The Alliance for Solar Choice (TASC) submitted a letter on July 2 to the Arizona Corporation Commission that discusses the subsidy provided to Arizona Public Service and its customers by ratepayers who invest their private capital in solar installations.
Their argument is that customers with rooftop solar systems are not fairly compensated for the many benefits these systems provide to the grid, including avoided costs for conventional power generation and new power plants, reduced investments in transmission and distribution infrastructure, and avoided costs associated with meeting renewable energy requirements.
A Crossborder Energy study presented during APS’s technical conference in May shows that rooftop solar will provide over $34 million per year in uncompensated benefits to all of APS’s customers. The letter submitted by TASC calls on the Commission, which regulates APS, to address this cross subsidy currently embedded in the rate structure.
To rectify this inequity, TASC believes that a “system-benefit credit” should be allocated to each solar customer in addition to the retail rate credits that net-metering customer-generators receive.

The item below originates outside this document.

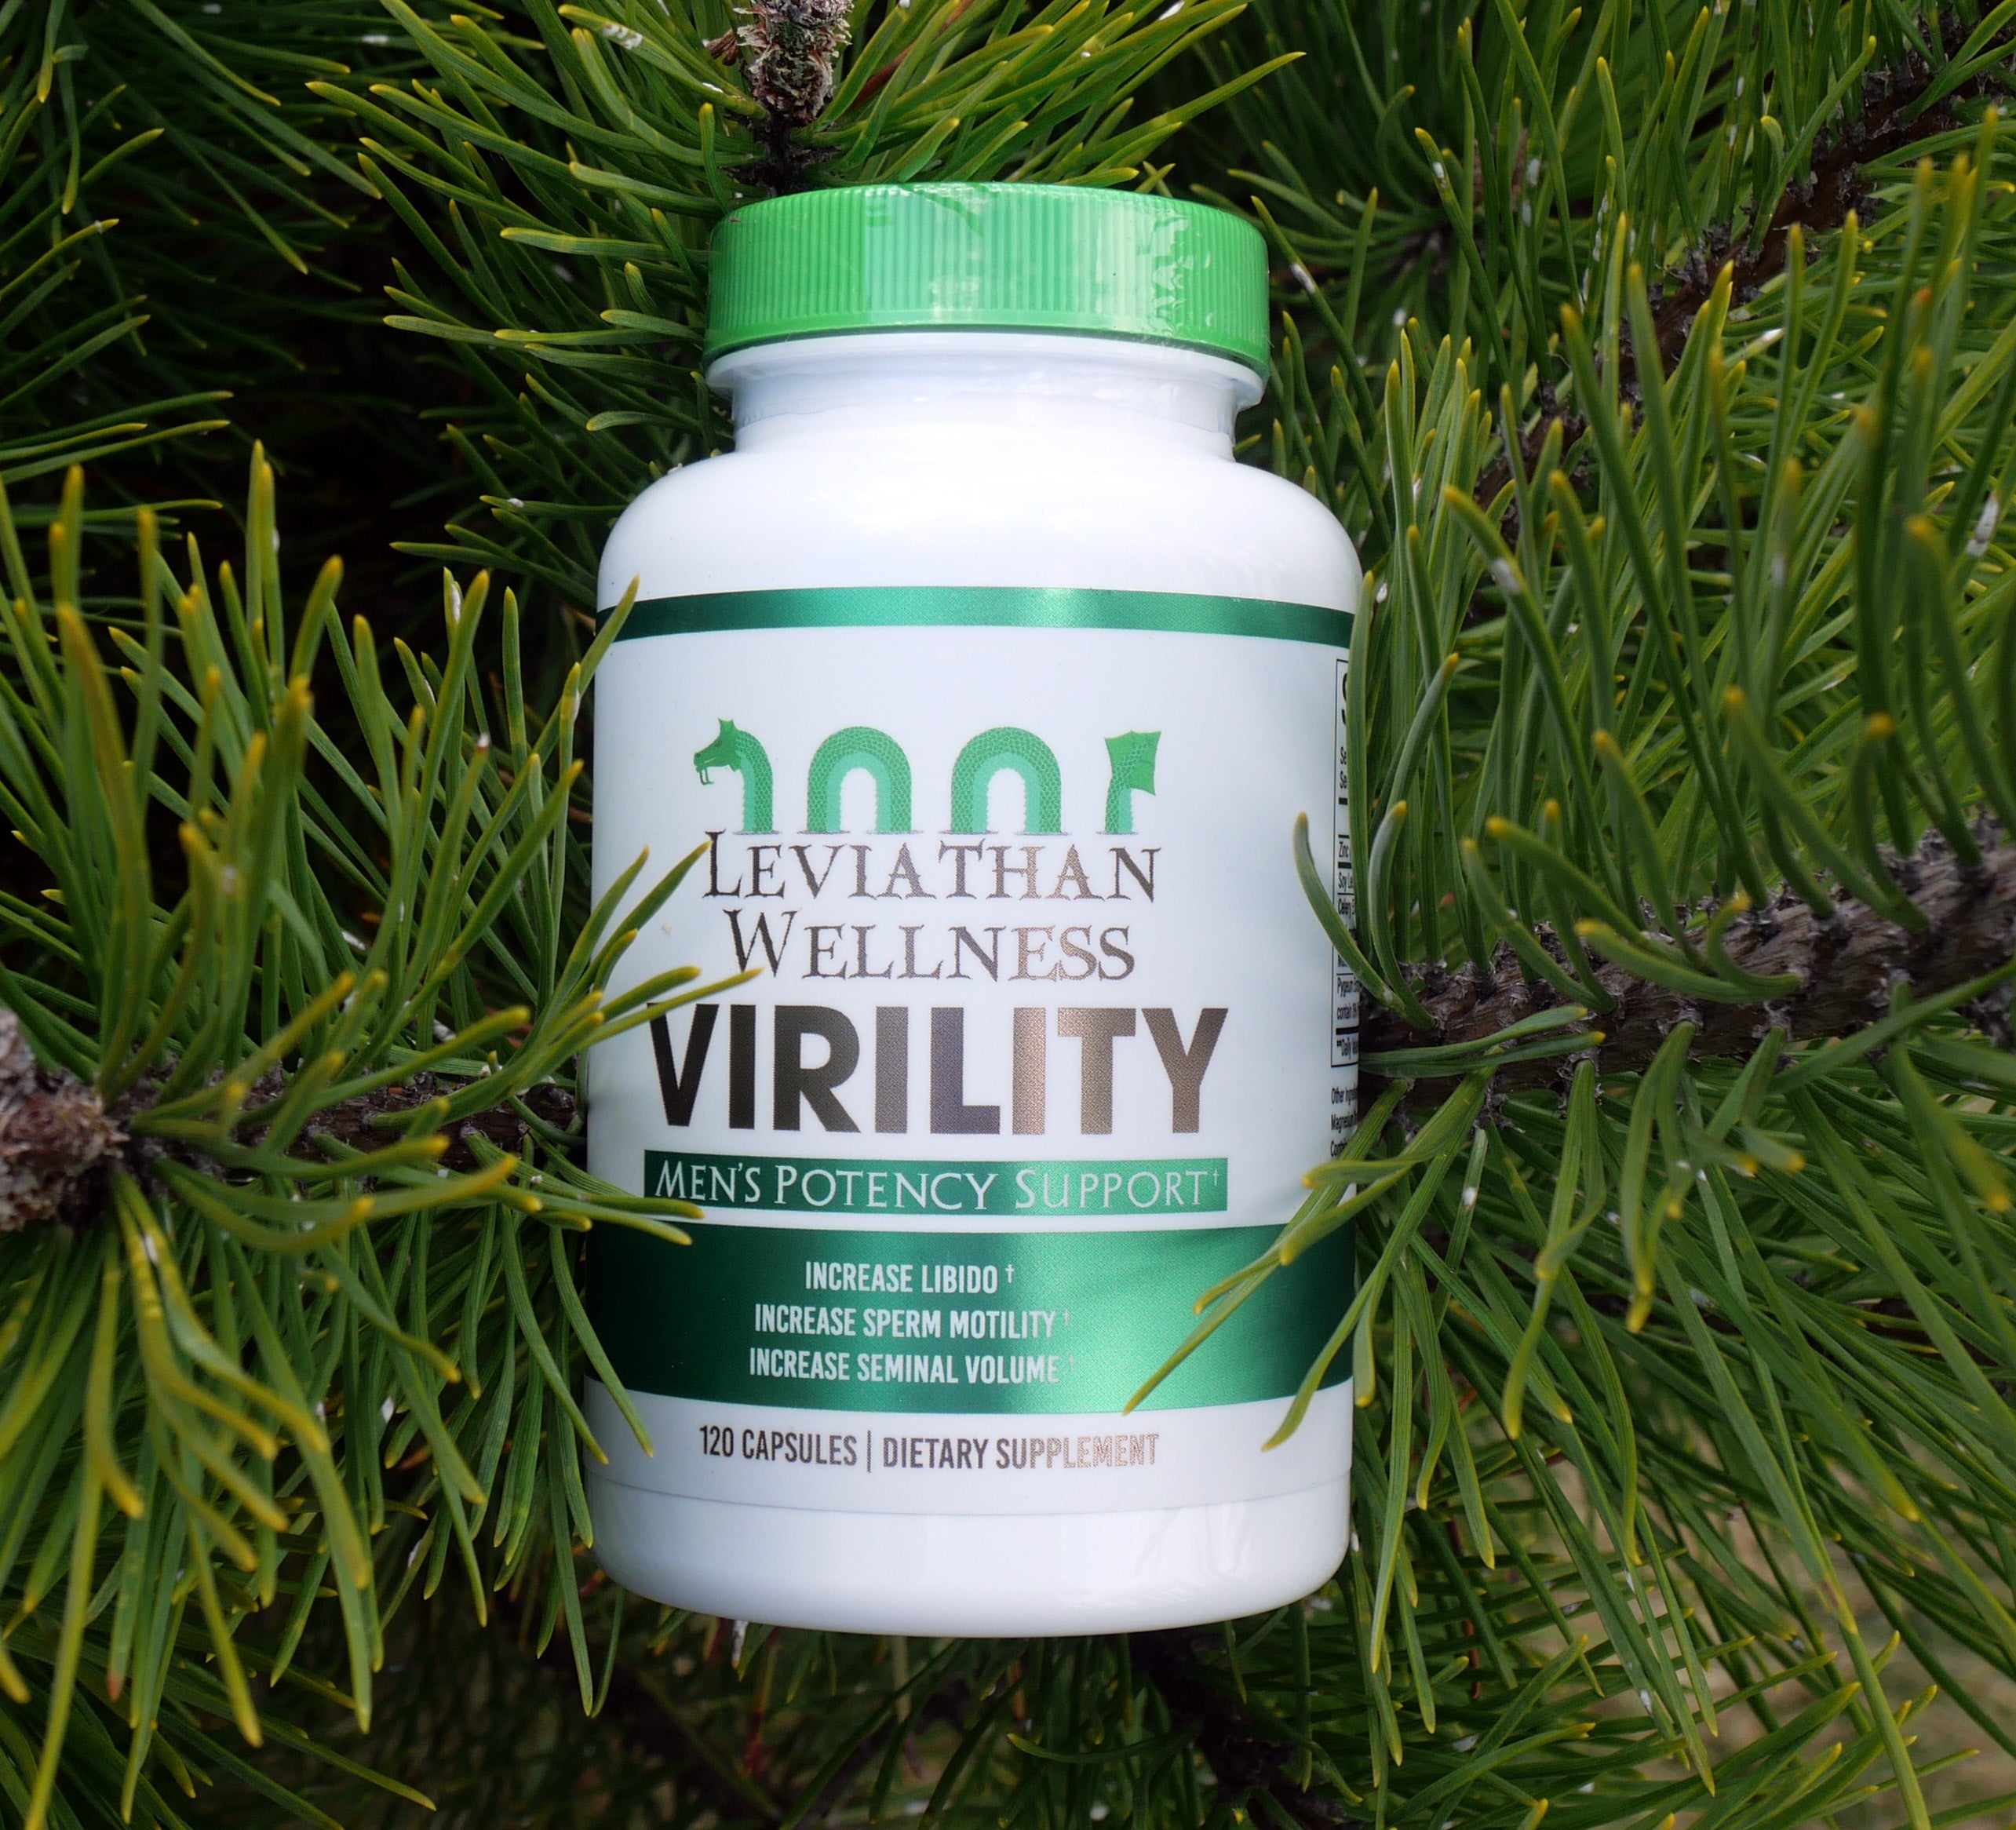 Virility - Men's Potency Support by Leviathan Wellness

“A capacity-based or energy-based credit fits within APS’s existing tariff framework for residential and commercial customers,”TASC said in its letter. “Regardless of which type of credit is used, the Commission and APS can integrate the credit into current rate structures without novel concepts or methodologies.”
Based on comments from just several years ago, APS would presumably support the move. This 2009 report was commissioned by APS and praises distributed energy (DE). An excerpt follows:
The winning business case for solar DE in Arizona is a combination of hard, quantitative economic facts, such as the reduction of line losses, energy savings for customers, and reduced or deferred capital expenditures. But it also includes softer, qualitative benefits such as increased job opportunities for installers, a more sustainable environment, and as yet unquantifiable benefits that will likely become economic in the future, such as the value of carbon. The broader economic benefits would include improved worker productivity and a more robust solar DE manufacturing industry. To capture the benefits of a winning business case it will be important to regularly monitor and report on the progress being made, and to look for opportunities to remove barriers to the successful expansion of solar in the state. It is the removal of those barriers and the movement toward the tipping point – where solar is the norm – that will prove the programs have become mainstream and part of a new energy future. The state of Arizona has a particularly important role to play in the future of solar energy.

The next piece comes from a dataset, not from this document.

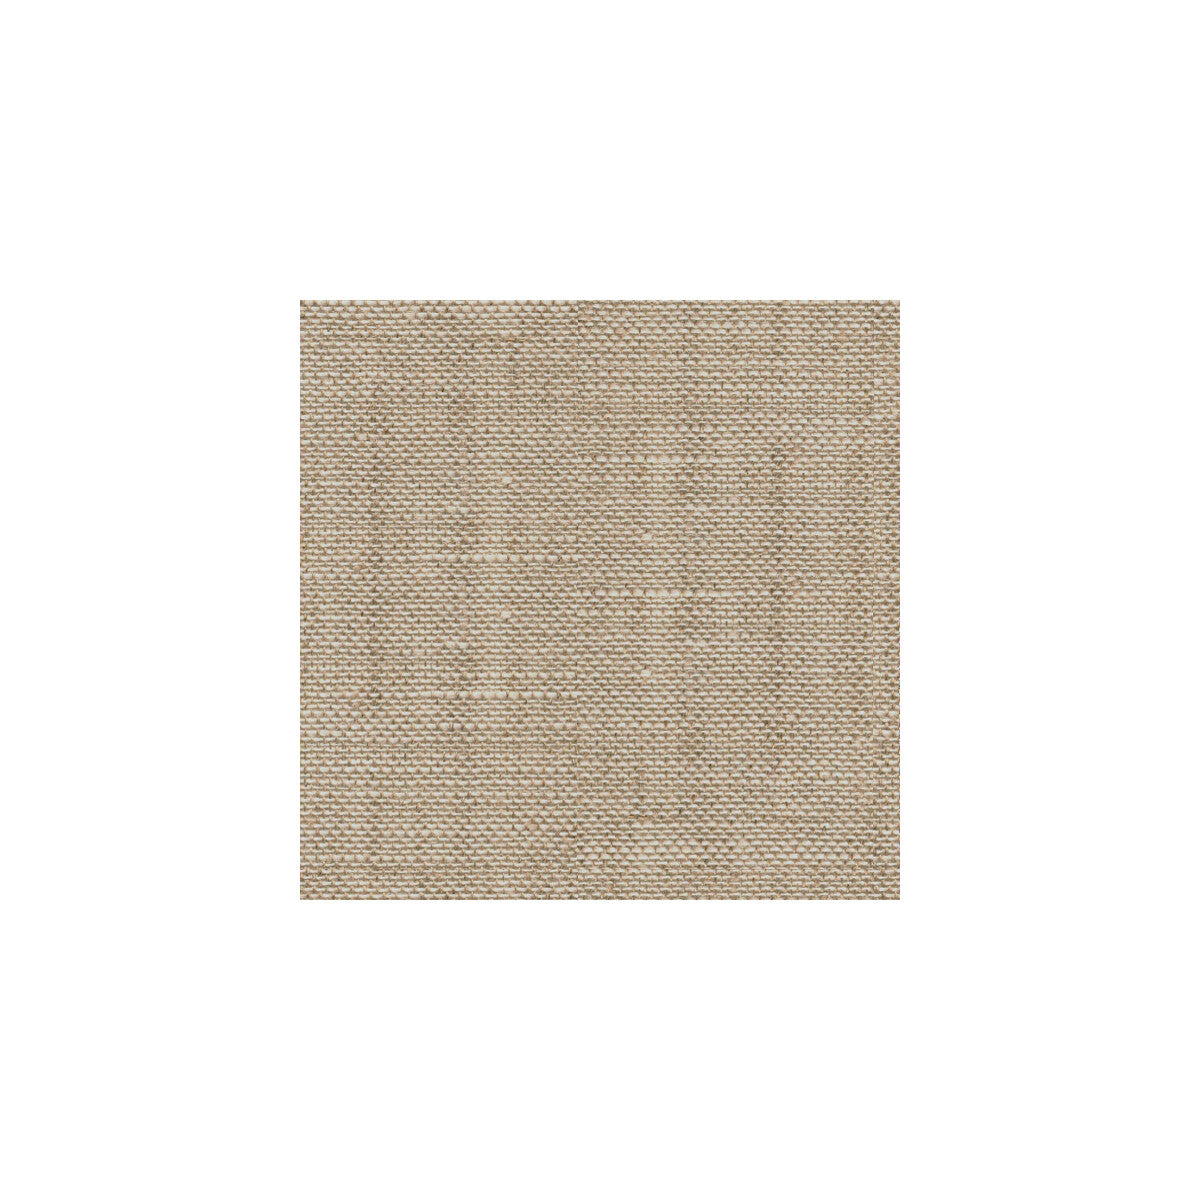 Lynette fabric in natural color - pattern 8014135.1116.0 - by Brunschwig &amp; Fils

Net metering is the latest target by the monopoly utility APS to curtail competition and preserve profits in its territory. TASC’s letter alleges APS wants the Arizona Corporation Commission to change the rules so the utility can take homeowners’ excess solar energy without providing customers full value for the power, all the while maintaining its monopoly status.
A possible cause for APS’s push to curtail net metering is a recent report by the Edison Electric Institute highlighting rooftop solar as a disruptive threat to utility business-as-usual.